Instructions to follow:
Transcribe the listing exactly, so that nothing but the pictures is missing.

Material provided:
== Segment start ==
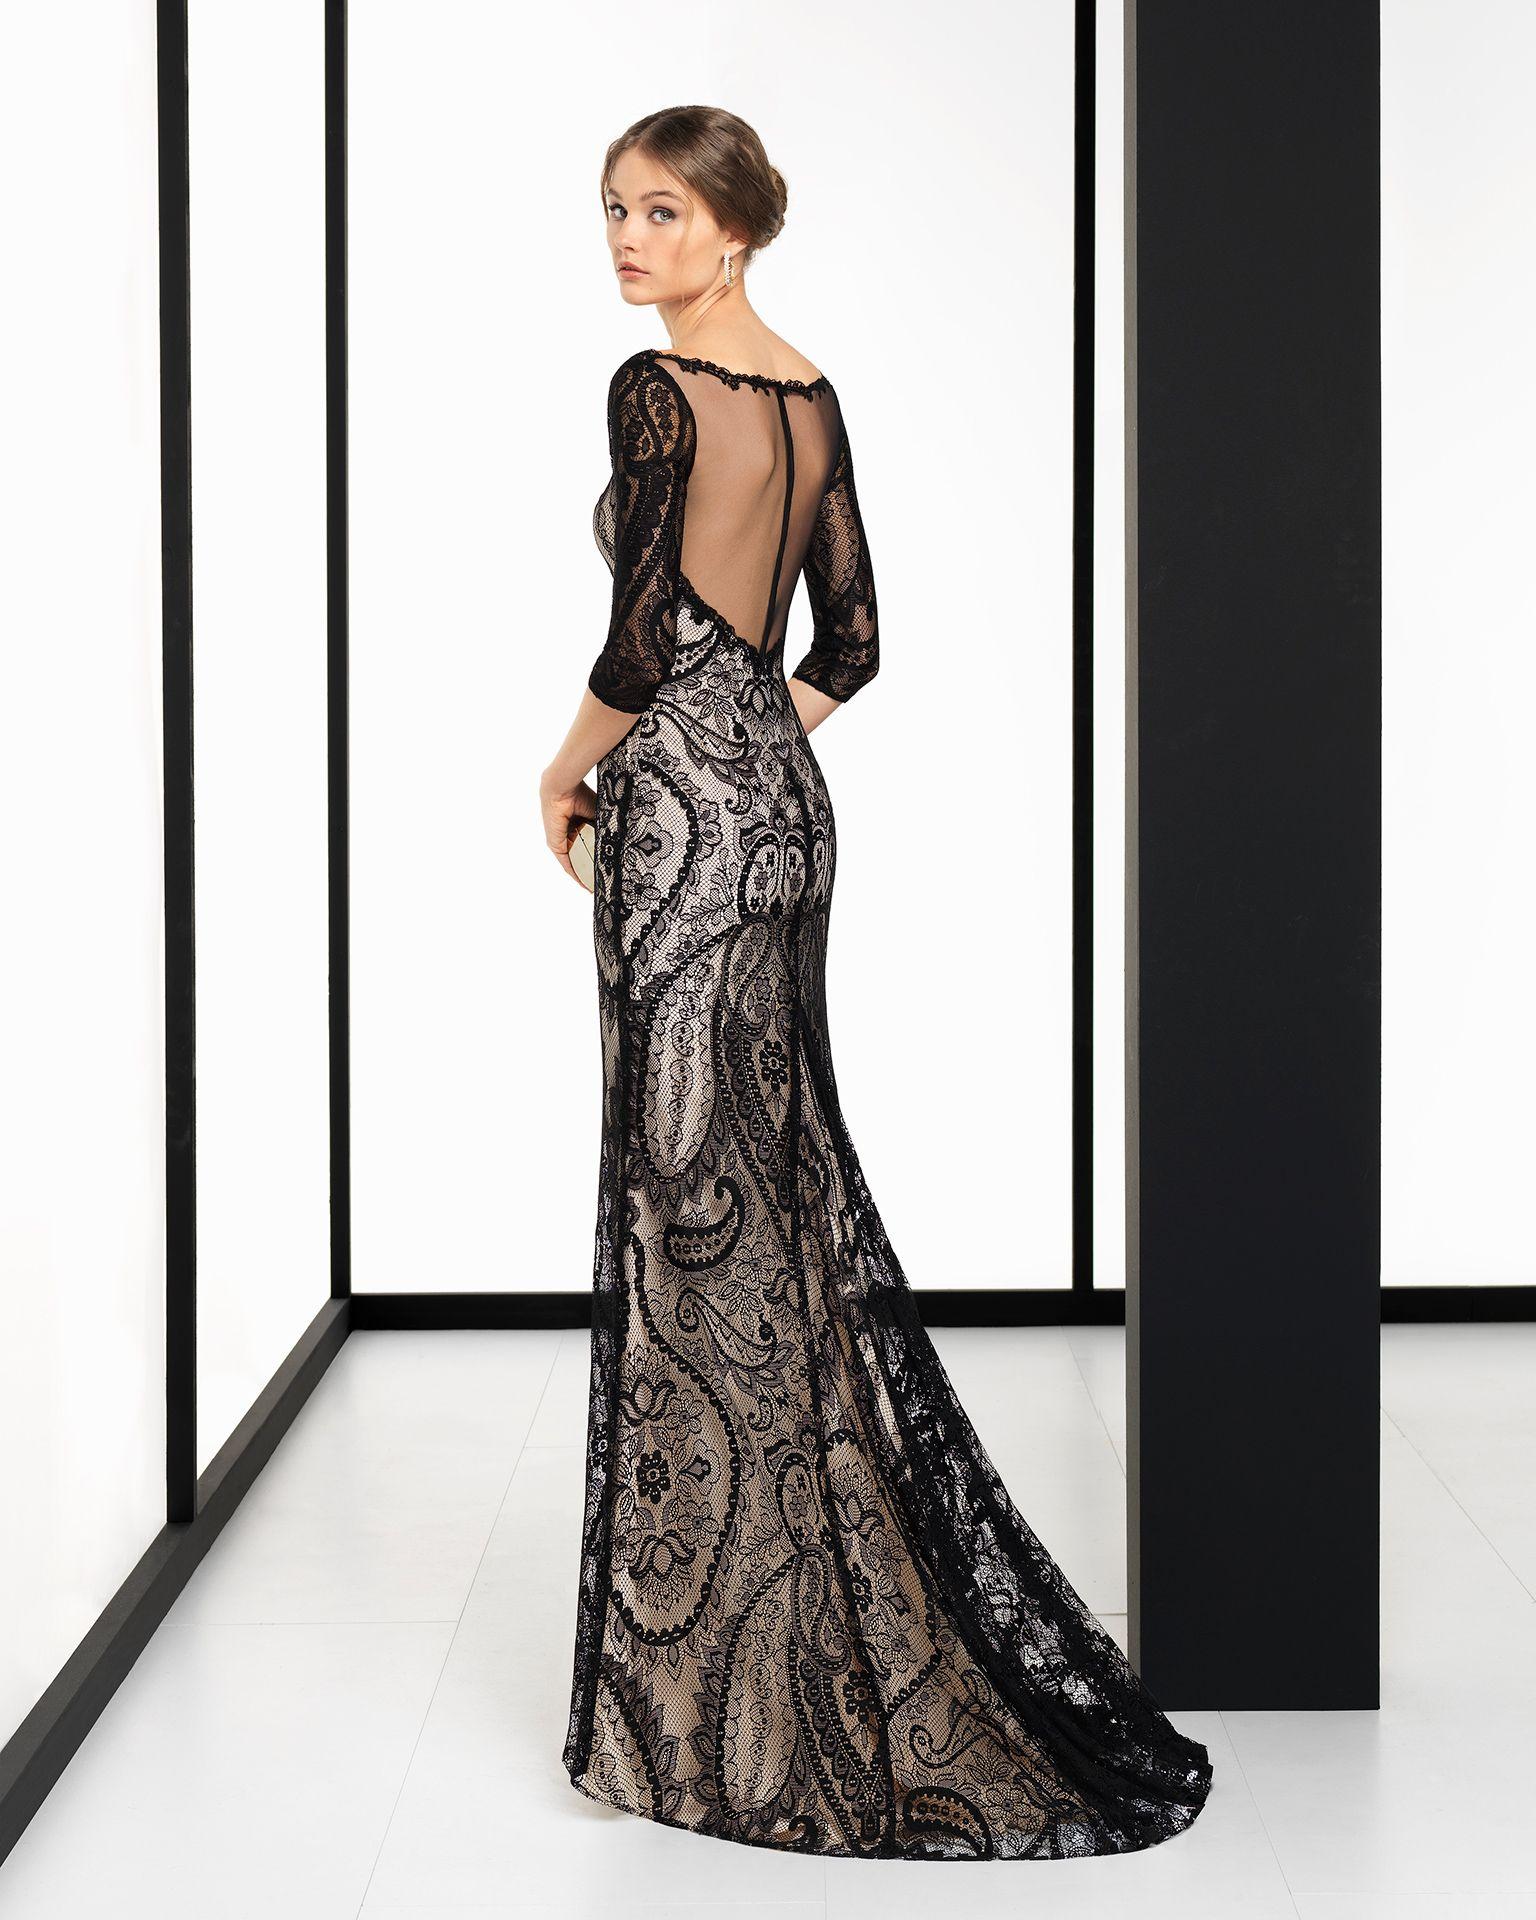 best website f4011 62644 2T1C1 - Cocktail 2018. Collezione ROSA CLARA COCKTAIL ...
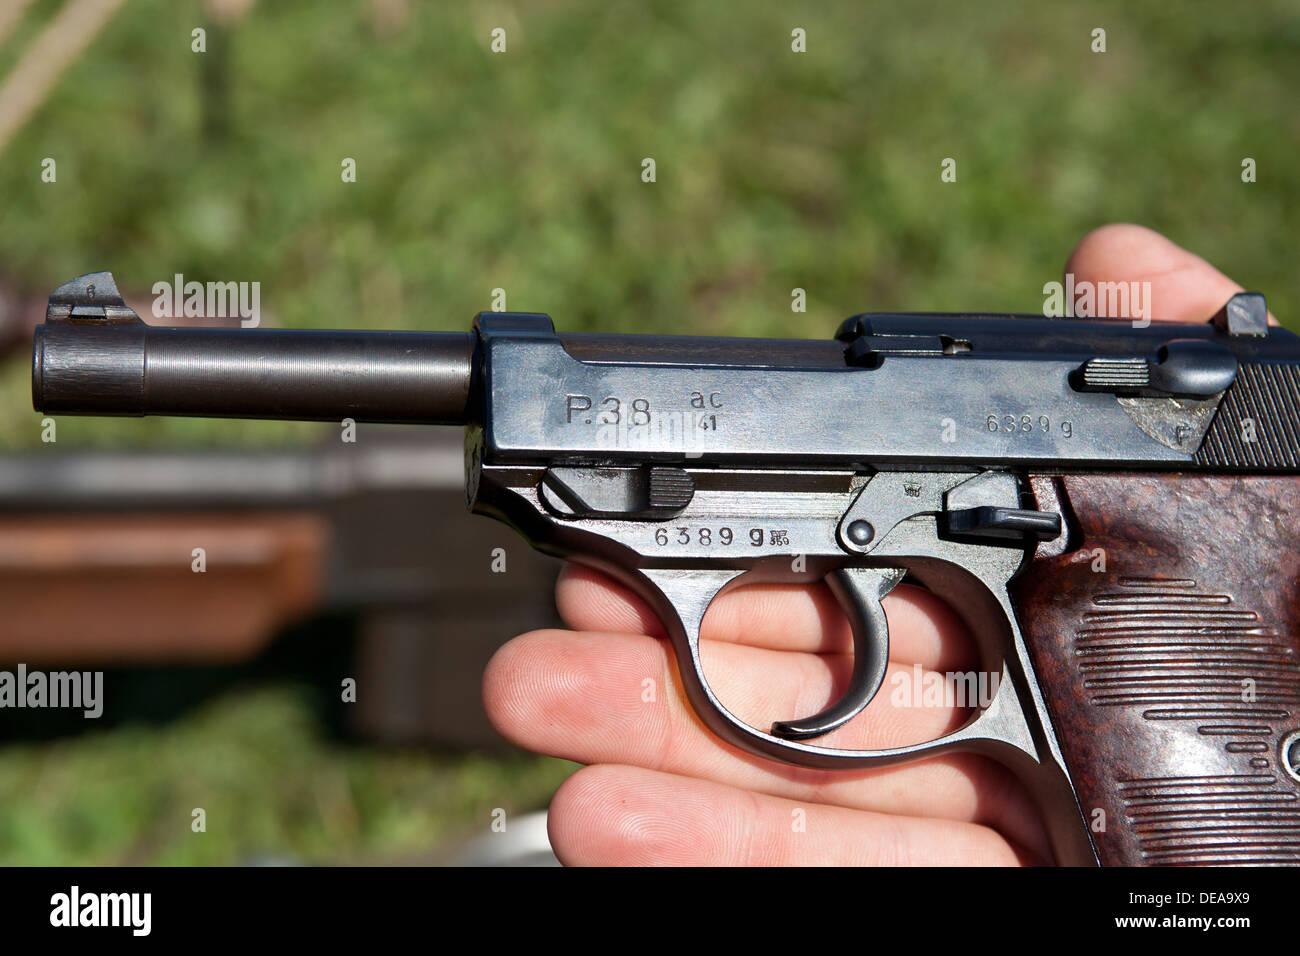 Walther P38 WWII era German handgun - Stock Image
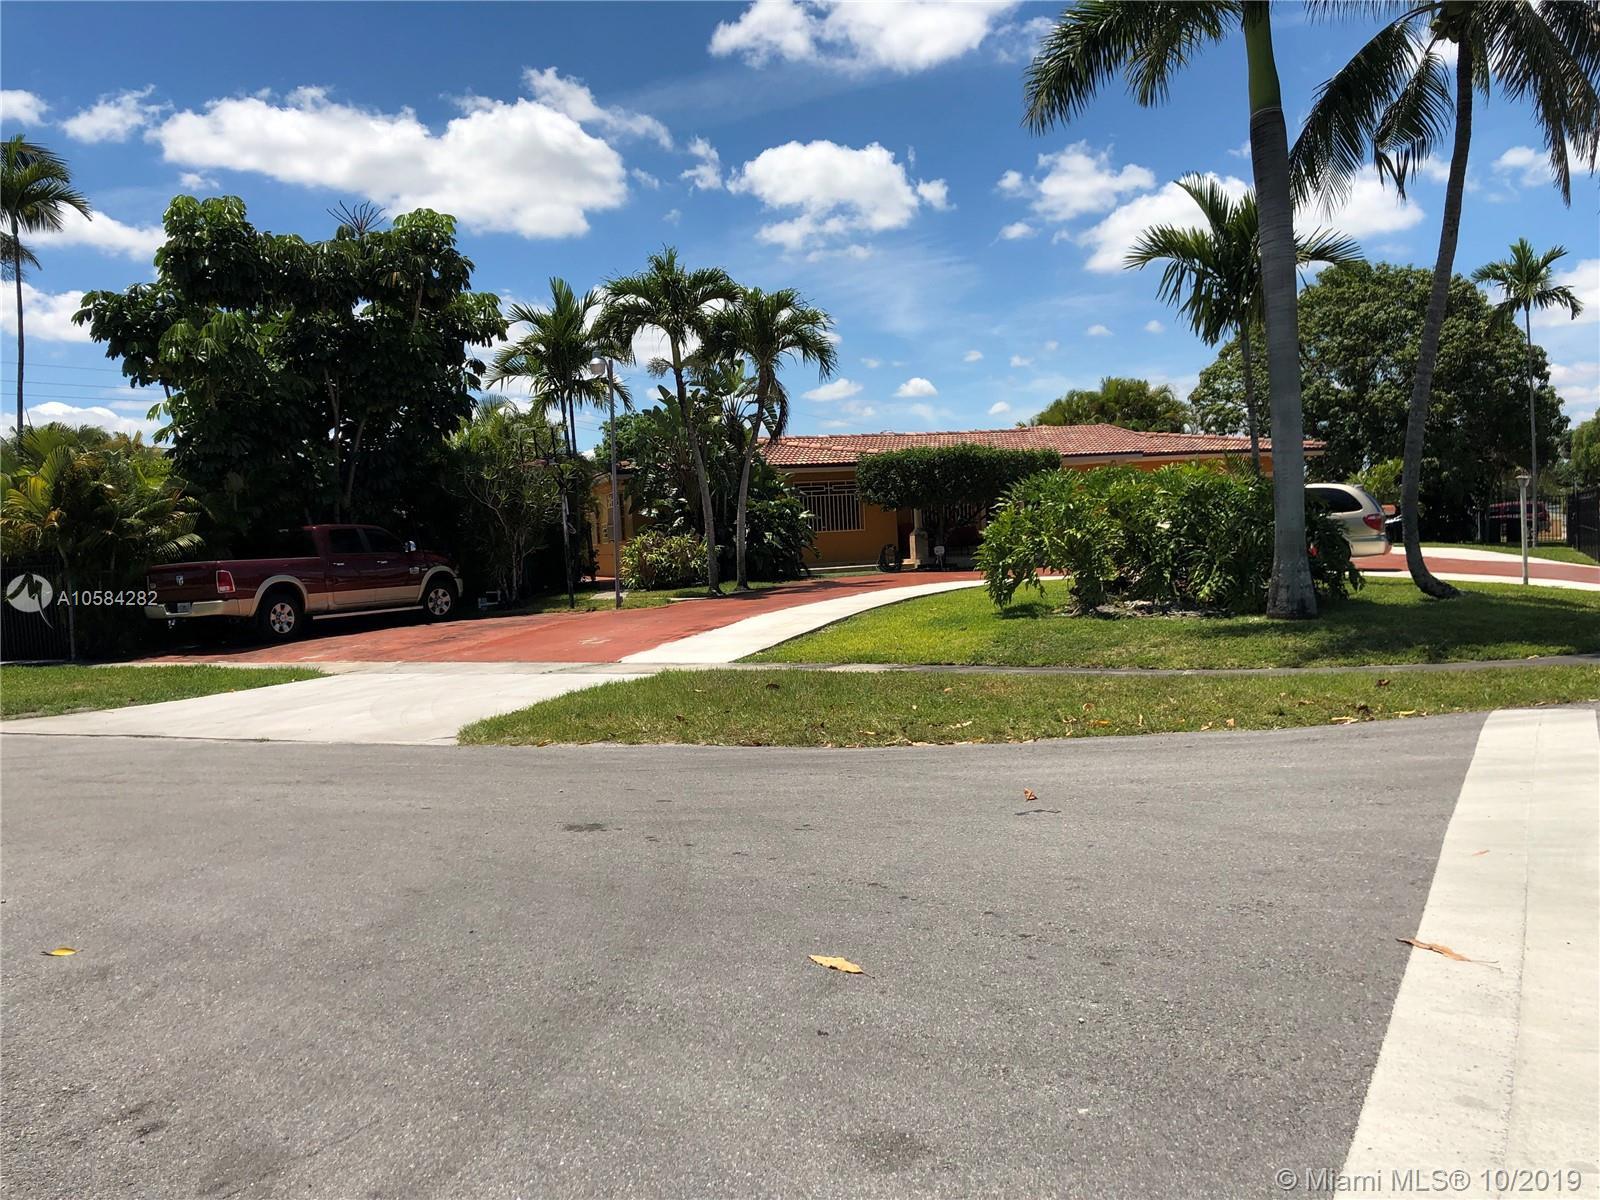 210 W 53rd St Hialeah, FL 33012
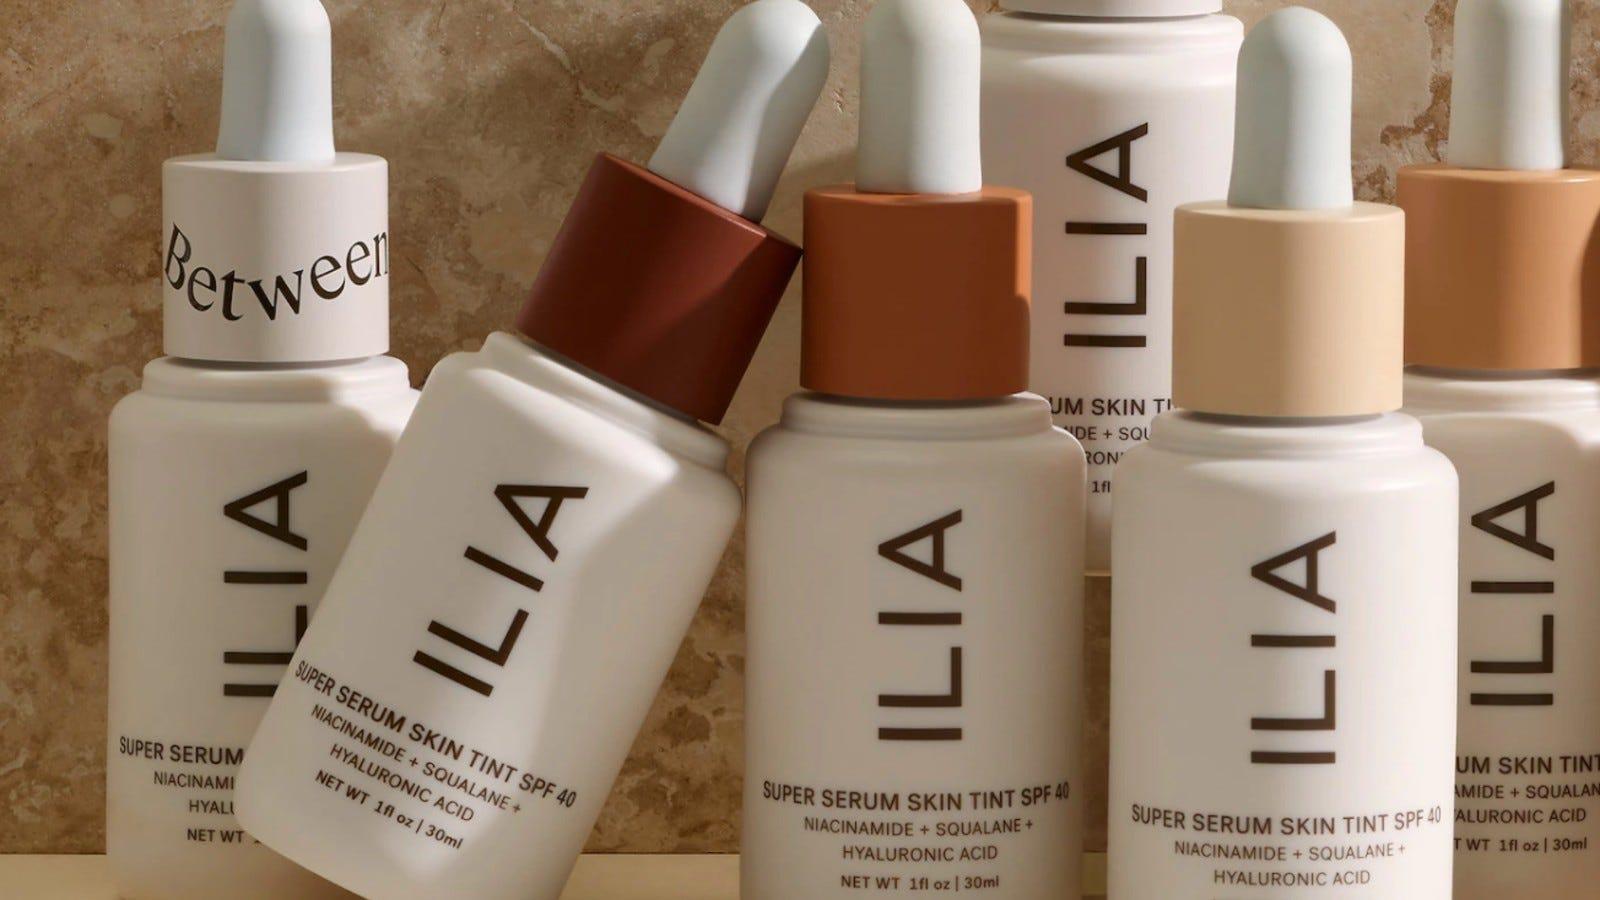 white bottles of Ilia Skin Serum in various shades
== Segment end ==
Solved problem:
 best website f4011 62644 2T1C1 - Cocktail 2018. Collezione ROSA CLARA COCKTAIL ...
 Walther P38 WWII era German handgun - Stock Image
 210 W 53rd St Hialeah, FL 33012
 white bottles of Ilia Skin Serum in various shades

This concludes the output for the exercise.